*** SOURCE DATA
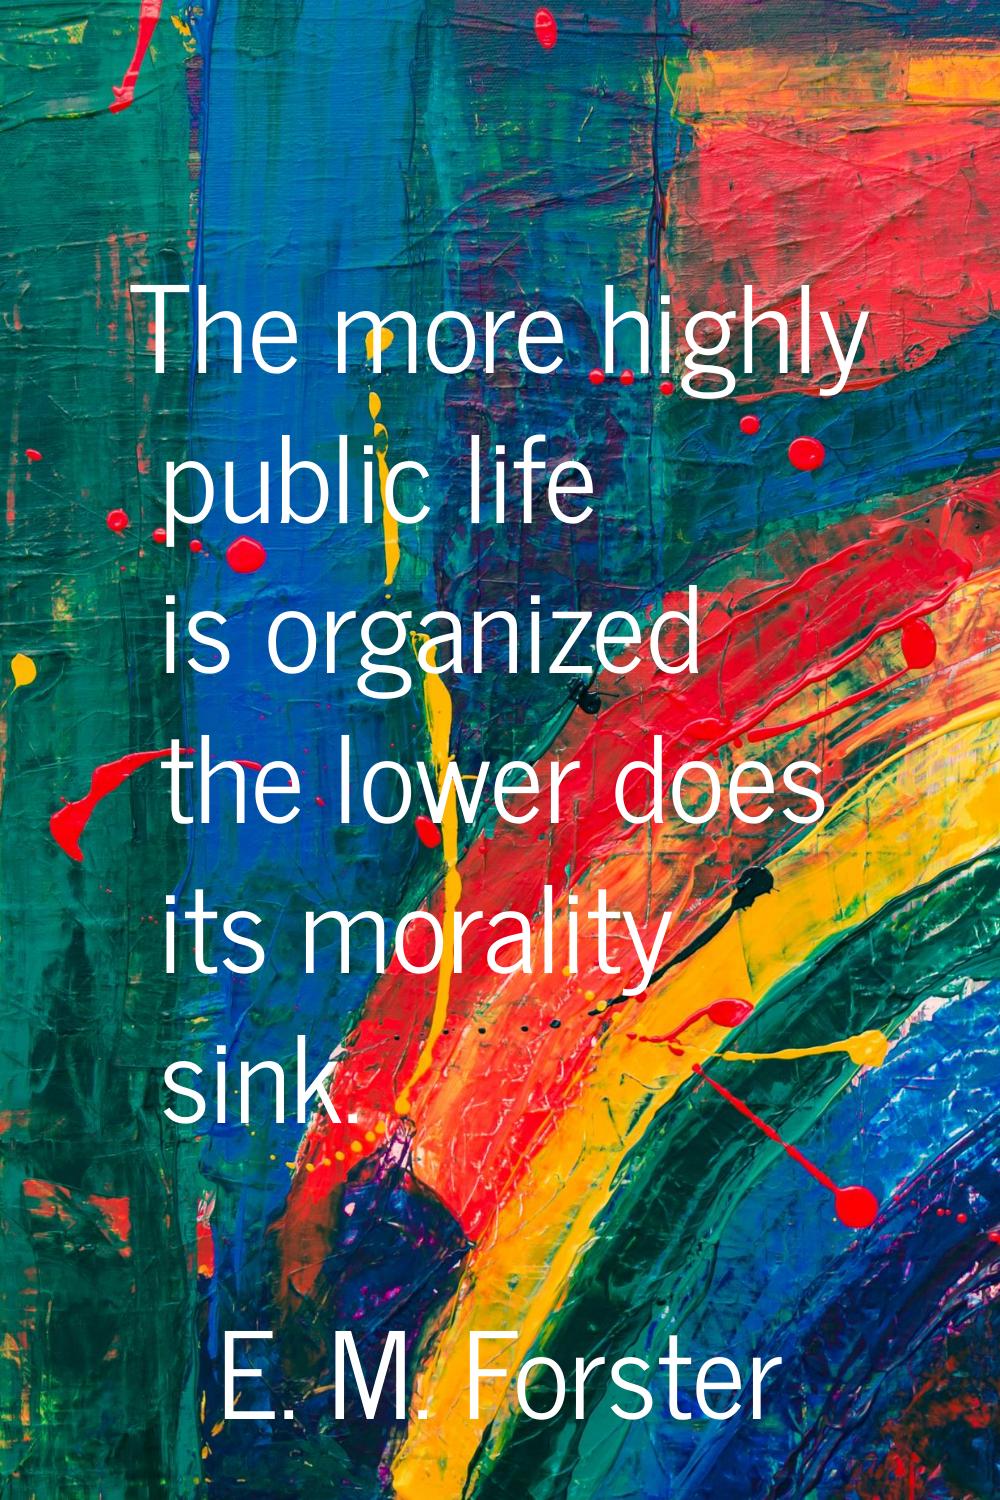 The more highly public life is organized the lower does its morality sink.
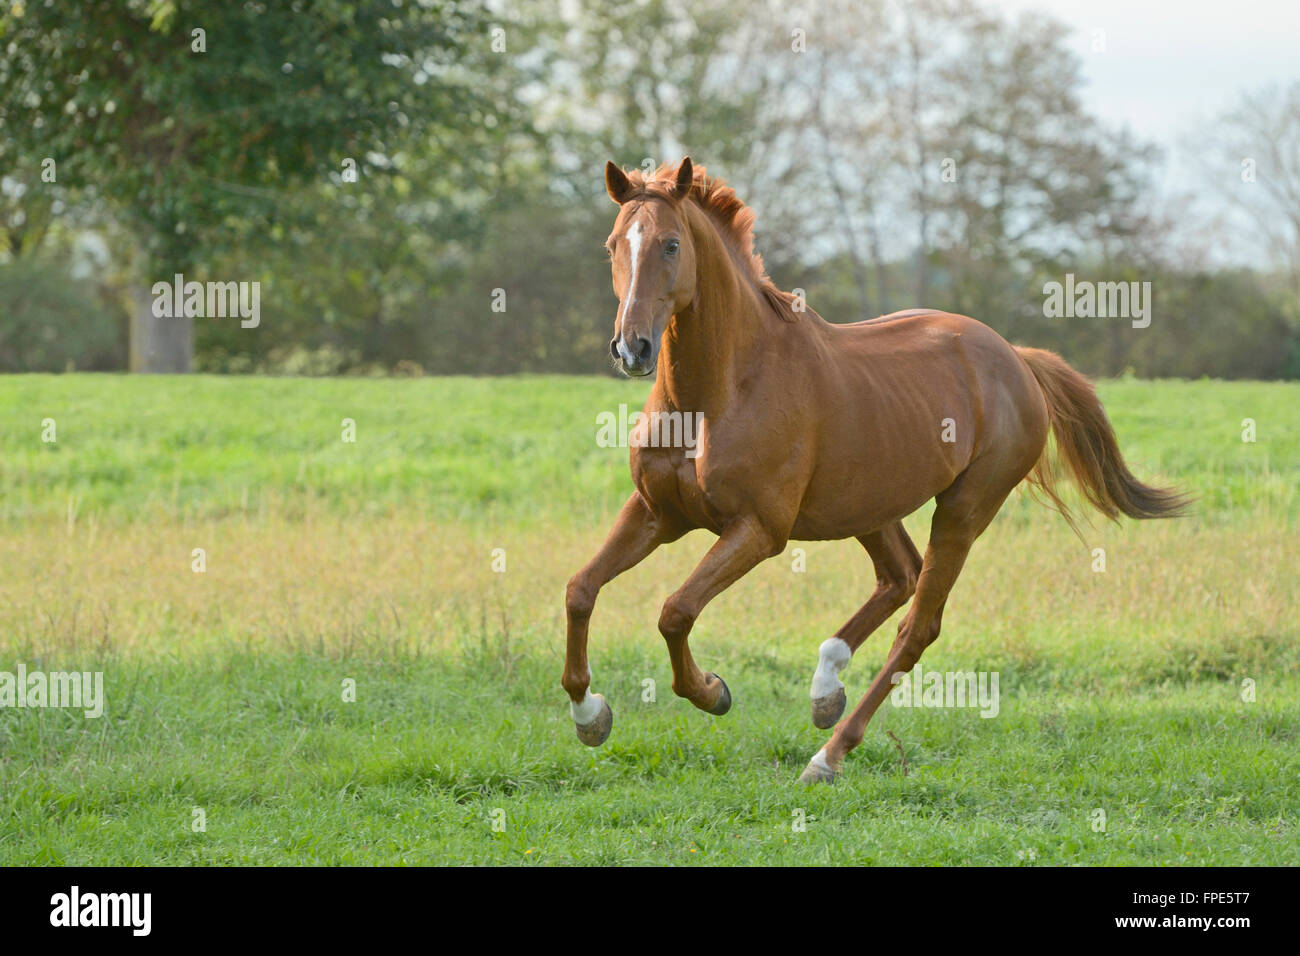 Trakehnen horse galloping in the field Stock Photo
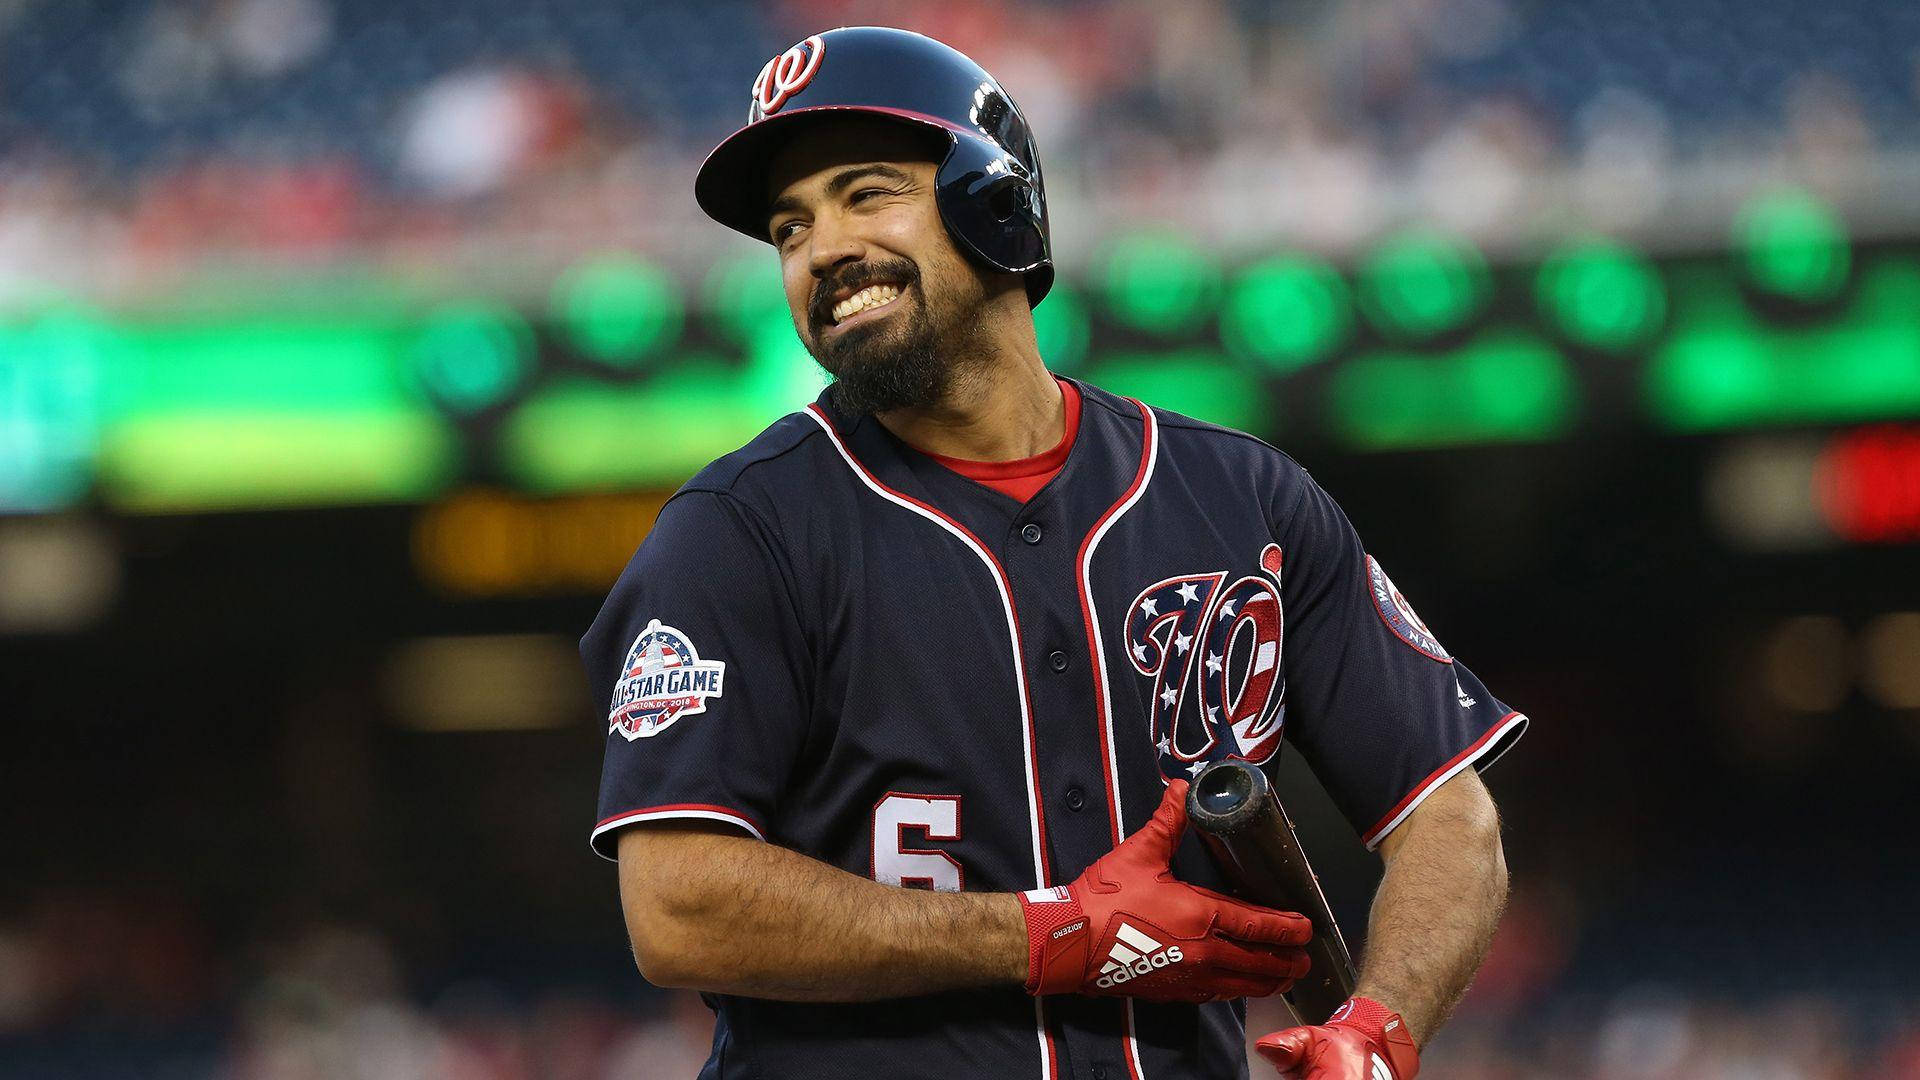 Anthony Rendon Grinning In Uniform Background
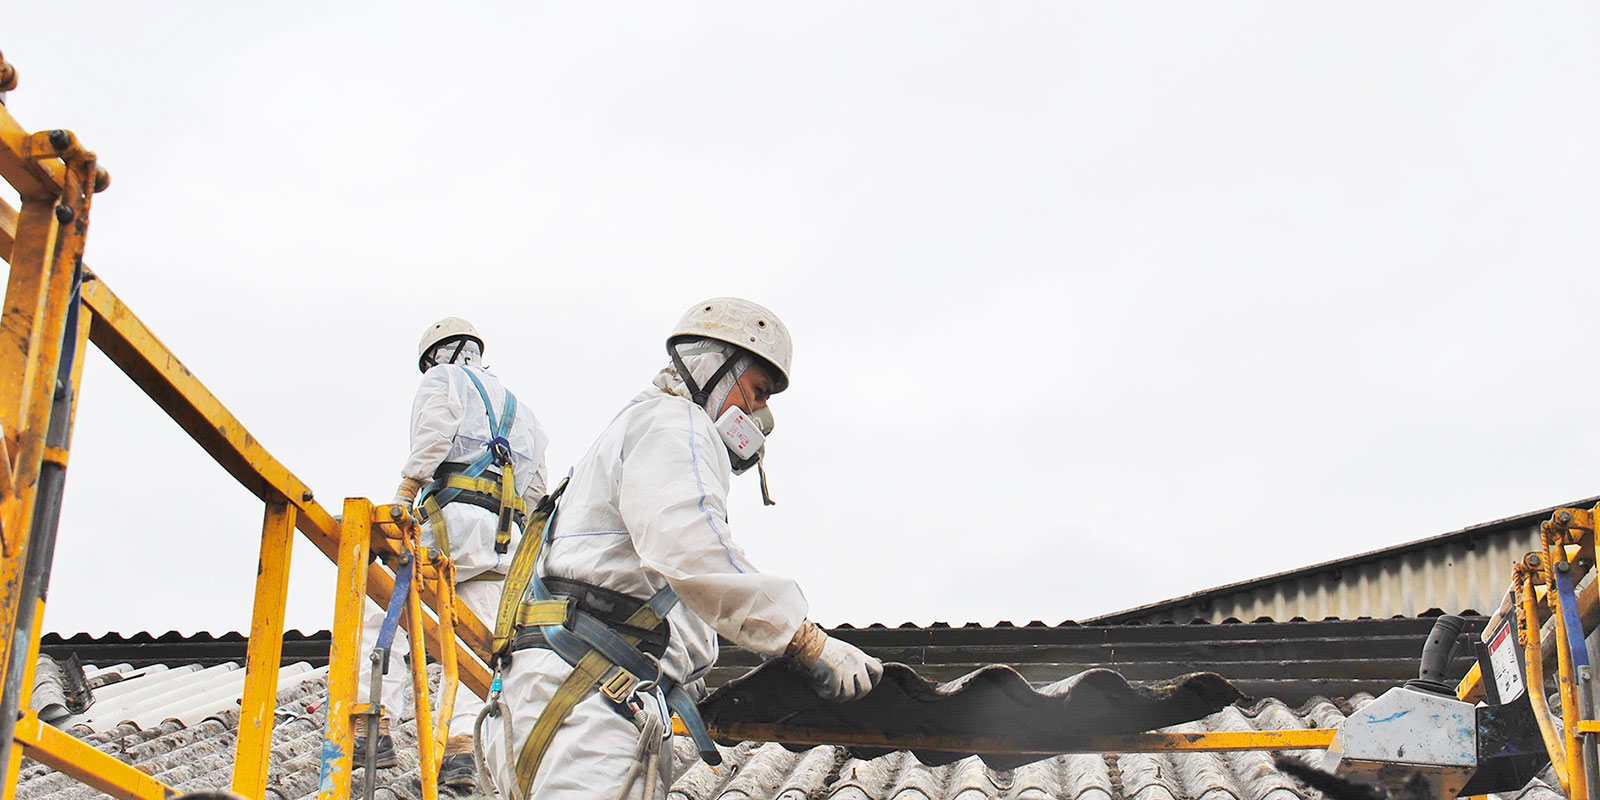 image of 2 workers on roof in white protective gear removing asbestos
******
### PROBLEM STATEMENT
Copy out the listing exactly as it stands, but not the pictures.

### EXPECTED ANSWER
 The more highly public life is organized the lower does its morality sink.
 Trakehnen horse galloping in the field Stock Photo
 Anthony Rendon Grinning In Uniform Background
 image of 2 workers on roof in white protective gear removing asbestos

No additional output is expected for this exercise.